Perbedaannya semakin nyata apabila dibandingkan dengan peradaban lain di sekitaran laut Mediterania. Kerajaan Mesir dan Persia sudah menikmati kebudayaan tinggi dan kompleks selama ribuan tahun dan menjadi superpower dunia kuno. tetangganya Yunani juga sudah berkembang pesat dengan pemikiran seperti demokrasi atau karya sastra sekelas Iliad. pada saat itu Romawi hanya bisa menjadi pengekor kerajaan yang lebih maju
Ketika "300" Sparta bertahan dari serangan Persia di abad ke 5 BC, penduduk Roma masih sibuk melakukan perang antar petani dengan rebutan sapi sebagai hadiah. ketika Alexander the great berhasil mengalahkan Persia yang membawa pasukan nyaris 10x lebih besar darinya lalu melakukan ekspansi hingga ke India di abad ke 4 BC, kota Roma justru dihancurkan oleh invasi suku barbar yang masih dianggap primitif.
Bisa dikatakan Romawi bukan siapa-siapa pada waktu itu. jangankan meraih kegemilangan besar seperti raja Macedonia, sekedar melindungi diri melawan suku barbar saja tidak sanggup. tapi uniknya hanya dalam waktu 100 tahun Romawi menjelma menjadi superpower yang tiada bandingannya. potensi perkembangan dan kekuatan Romawi di segala bidang tampak tidak terbatas dan baru meredup ribuan tahun setelahnya.
Sejak awal berdirinya kota Roma psikis penduduknya sudah berbeda dengan bangsa lain di sekitarnya. apabila peradaban lain cenderung mengakui diri mereka sebagai pribumi atau penduduk asli dari suatu wilayah sejak diciptakan oleh dewa-dewa ribuan tahun lalu, orang Romawi tidak memiliki klaim atau pandangan yang sama mengenai asal usulnya dan wilayah yang ditempatinya.
Dalam mitologi Romulus dan Remus yang menjadi pendiri kota Roma dikisahkan sebagai anak-anak terbuang. hal yang sama terjadi pada klaim asal usul yang lebih romantis bahwa Romawi berasal dari garis keturunan penduduk kota Troya yang melarikan diri setelah kalah perang melawan Yunani. masyarakat Roma mempercayai bahwa mereka berasal dari kaum terbuang, pelarian atau pengungsi yang mencoba bertahan hidup di tempat asing.

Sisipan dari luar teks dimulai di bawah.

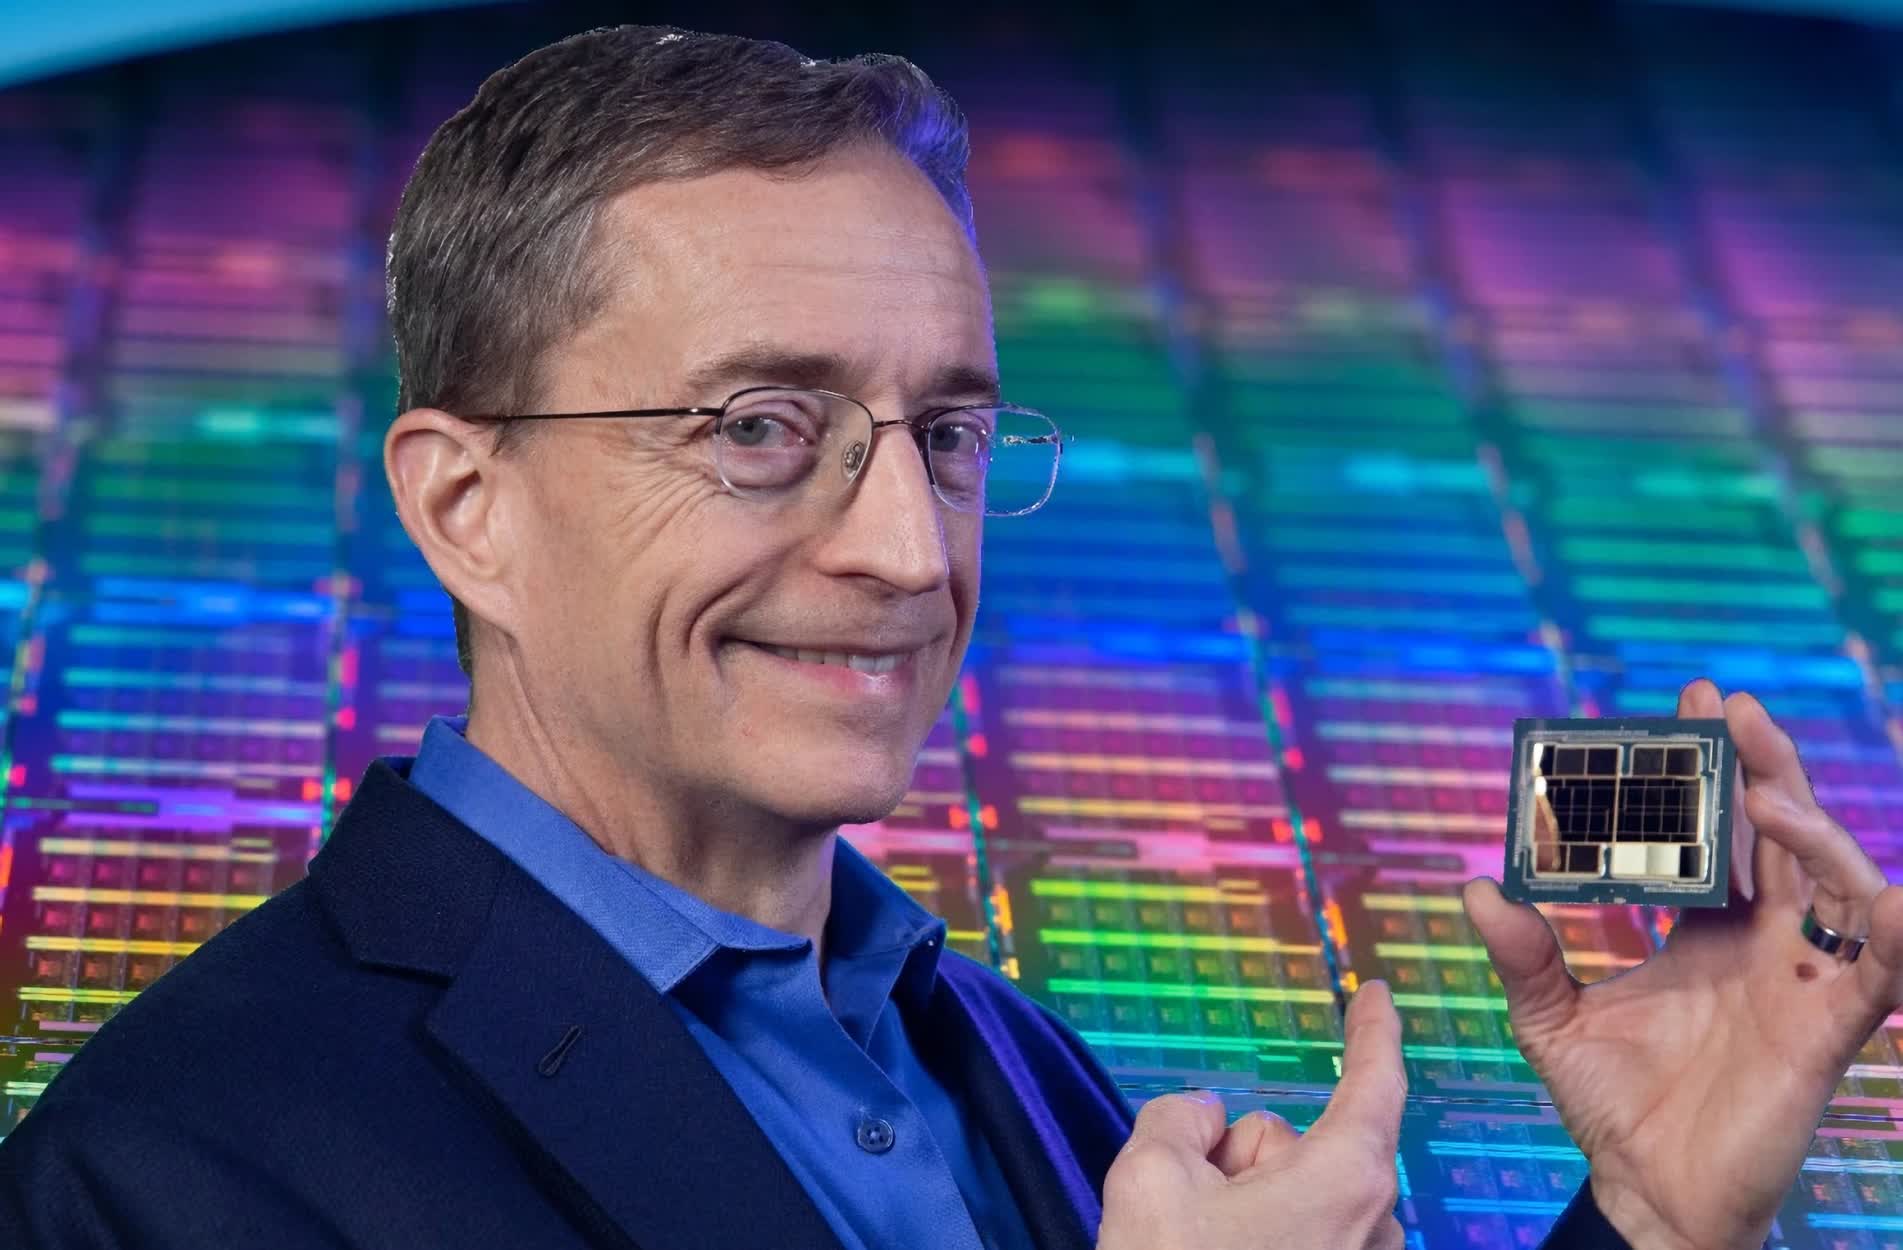 Intel CEO Pat Gelsinger visited Samsung to discuss potential collaboration
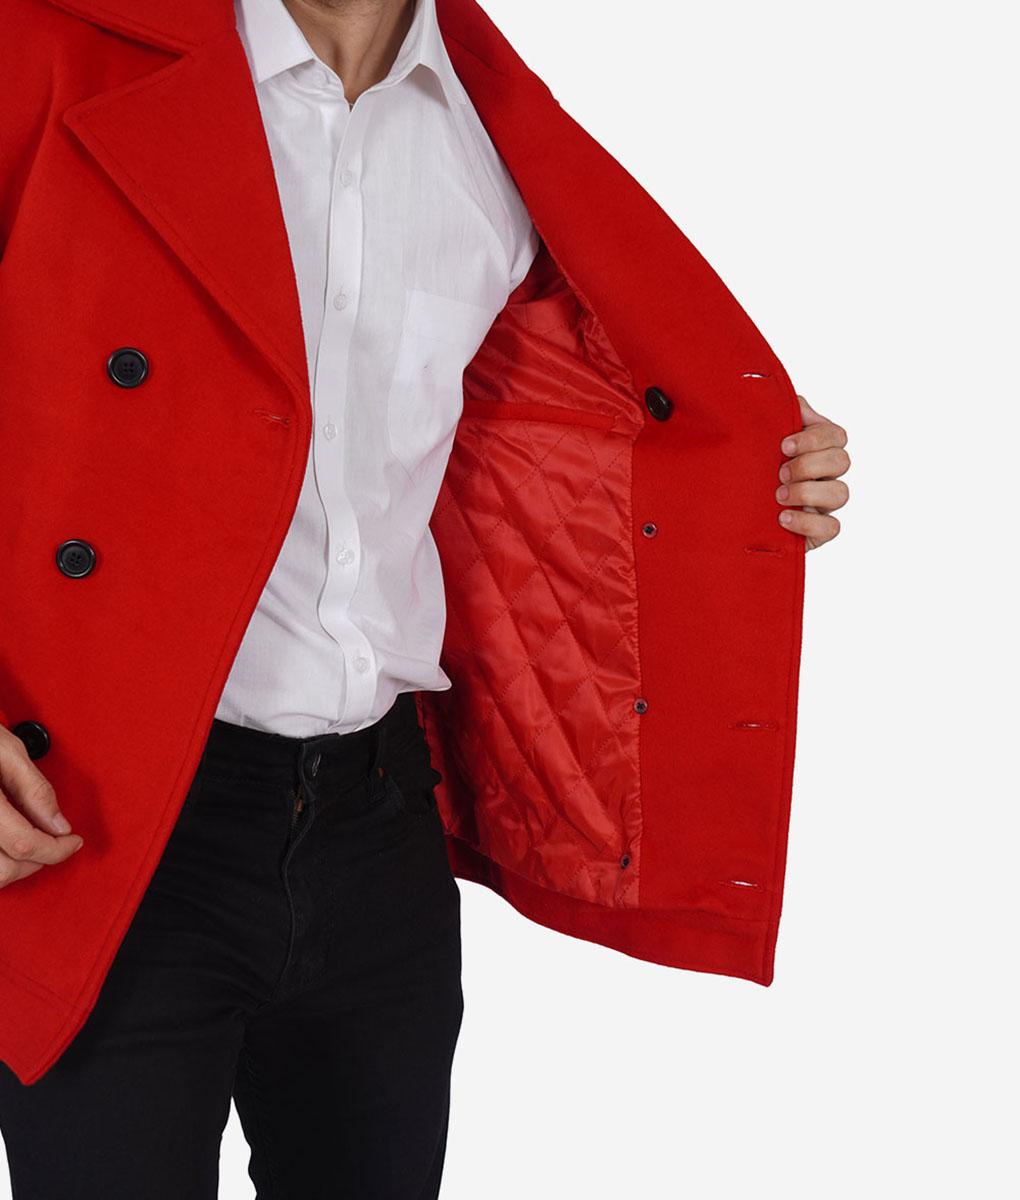 Robert Mens Red Double-Breasted Wool Pea Coat

Karena itu walaupun pada awalnya Romawi mengikuti corak yunani dengan model kerajaan, tetapi kemudian secara natural mengubah diri dengan pemerintahan republik. mereka merasa pede dengan perbedaan yang mereka miliki dan menyadari betul bahwa nenek moyangnya adalah kaum terbuang sehingga Roma membuka diri terhadap semua orang yang bernasib sama yang hendak mencari tempat perlindungan dan membuka lembaran hidup baru.
Tidak seperti bangsa lainnya dimana kewarganegaraan adalah hal yang hampir sakral dan hanya didapatkan dari keturunan atau kelahiran, Romawi memberikan status warga negara kepada semua orang yang menginginkannya dengan syarat yang lunak. mereka tidak takut terhadap loyalitas mendua, bagi Romawi kesamaan kepentingan dan tujuan jauh lebih menjamin daripada kesetiaan hanya karena faktor keturunan pribumi semata.
Semua warga romawi apapun asal usulnya dan tempat kelahirannya berhak menerima perlindungan hukum, sistem peradilan terbuka, kesempatan usaha dan hak berpolitik. bahkan kepada tahanan sekalipun seorang warga Roma dijamin tidak akan menerima kekerasan, siksaan, eksekusi ataupun penahanan sebelum menjalani peradilan. hal ini cukup revolusioner apabila dibandingkan dengan hukum kerajaan dimana rakyat dianggap sebagai objek milik penguasa.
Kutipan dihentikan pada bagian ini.